Figure 3 (Source: International Energy Agency. “World Energy Investment 2018,” 2018. p59

So there are two points here on coal fired power plants. First, the state has now stepped in to ensure the operation of coal fired power plants. This will be discussed further below, but it indicates, overall coal is a risky venture that the private sector is not supporting. It takes policy intervention by governments to keep coal going. Second, rather than going about our daily business and working on the 40 year timeline, we should put the lifespan of coal fired power plants at 10 years. Any power plant older than a decade is labelled as a ‘Zombie power plant’. They only operate for the profit making of the owners while the environment is destroyed. Phasing coal out after a decade is necessary to push out this aged technology and speed up the energy transition. In this clip from ‘Shaun of the Dead’, it is clear Shaun doesn’t see the new reality around him. We should also take notice of the zombies around us and eradicate them (watch the movie for how this is done!).
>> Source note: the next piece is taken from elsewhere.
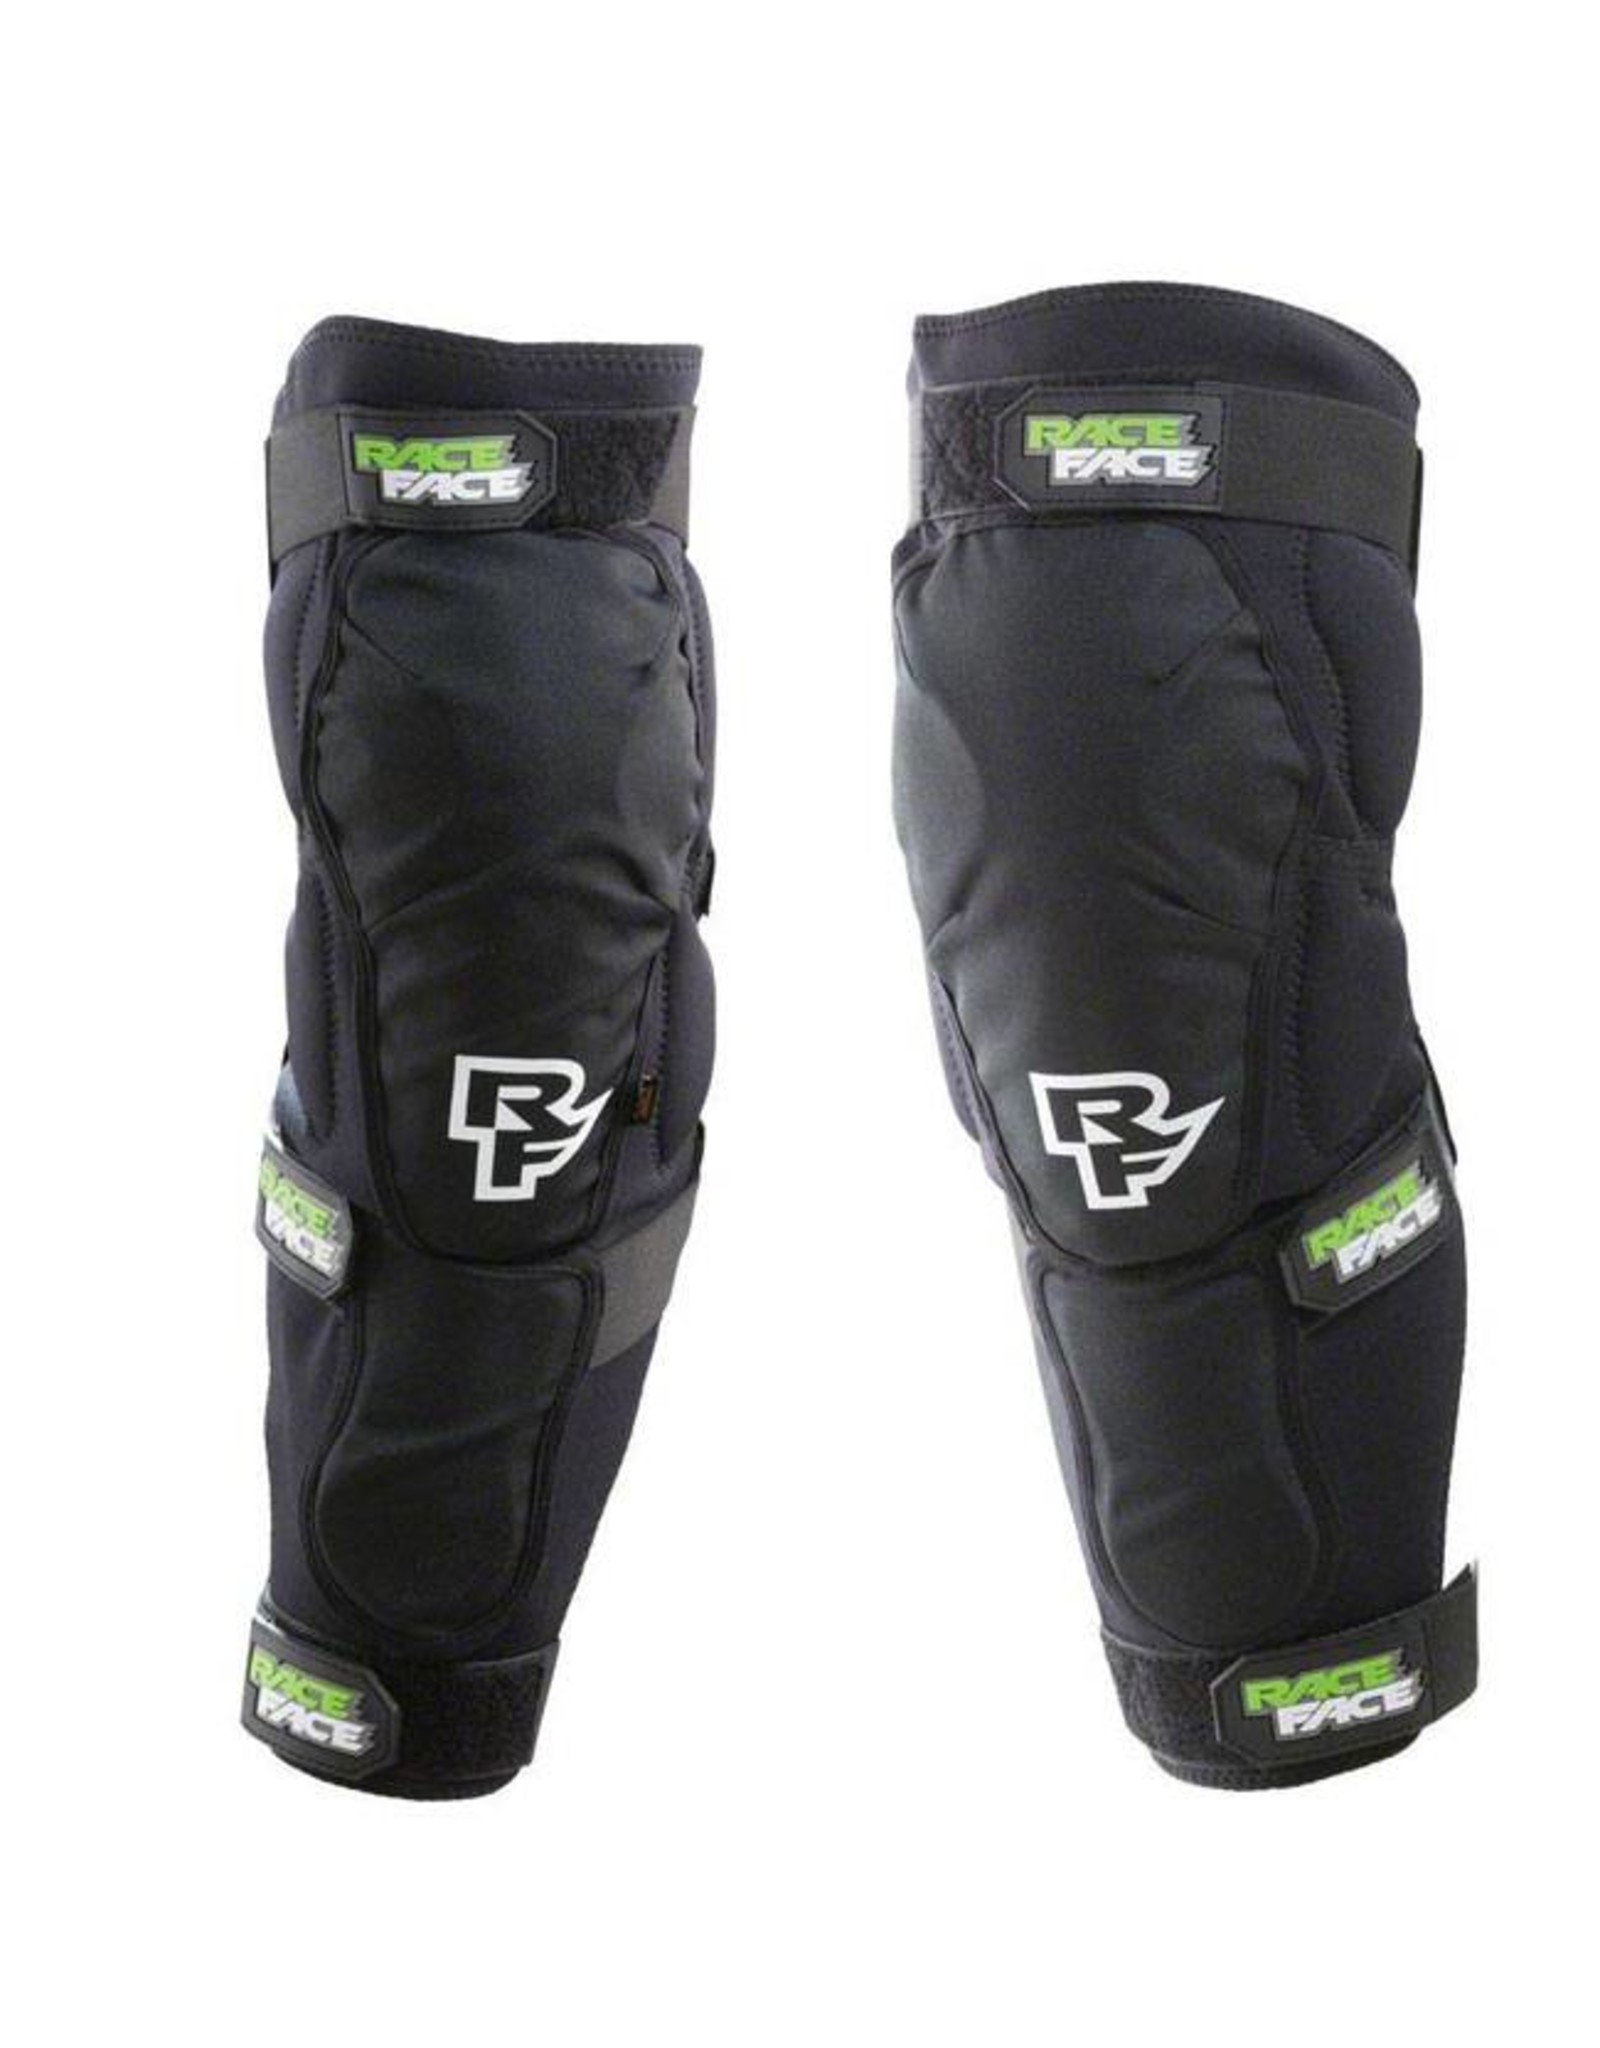 RaceFace RaceFace Flank Leg Guard: Black LG

Although, it has to be acknowledge the social reasons for coal fired power plants, and the connected jobs, this means local decision making on closures may not appear so easy. Thus, the intervention of governments to keep coal zombies alive. Both India, Poland, South Africa and in the mind of Trump, coal remains important and should be protected for social, rather than environmental reasons. Nonetheless, coal is financially cheap and to keep low power prices, it remains an option, even if both technologically, environmentally and financially coal power plants have a limited future.

The opportunity mind-set

There is a radical shift to a new global energy system. By creating a new system, the old system is destroyed. In a sense it is just replacement of the old system with ‘good’ technology that matches the social, economic and environmental needs of the world. It isn’t just one technology or a symbolic technology, but the whole energy system that is systemically replaced bit-by-bit over time and which may not be perceptible until after it happens. Sovacool and Geels point out the historical ‘opportunity driven’ mindset in the past compared to the ‘problem-driven’ (we’re all going to die) mindset that drives the present transition.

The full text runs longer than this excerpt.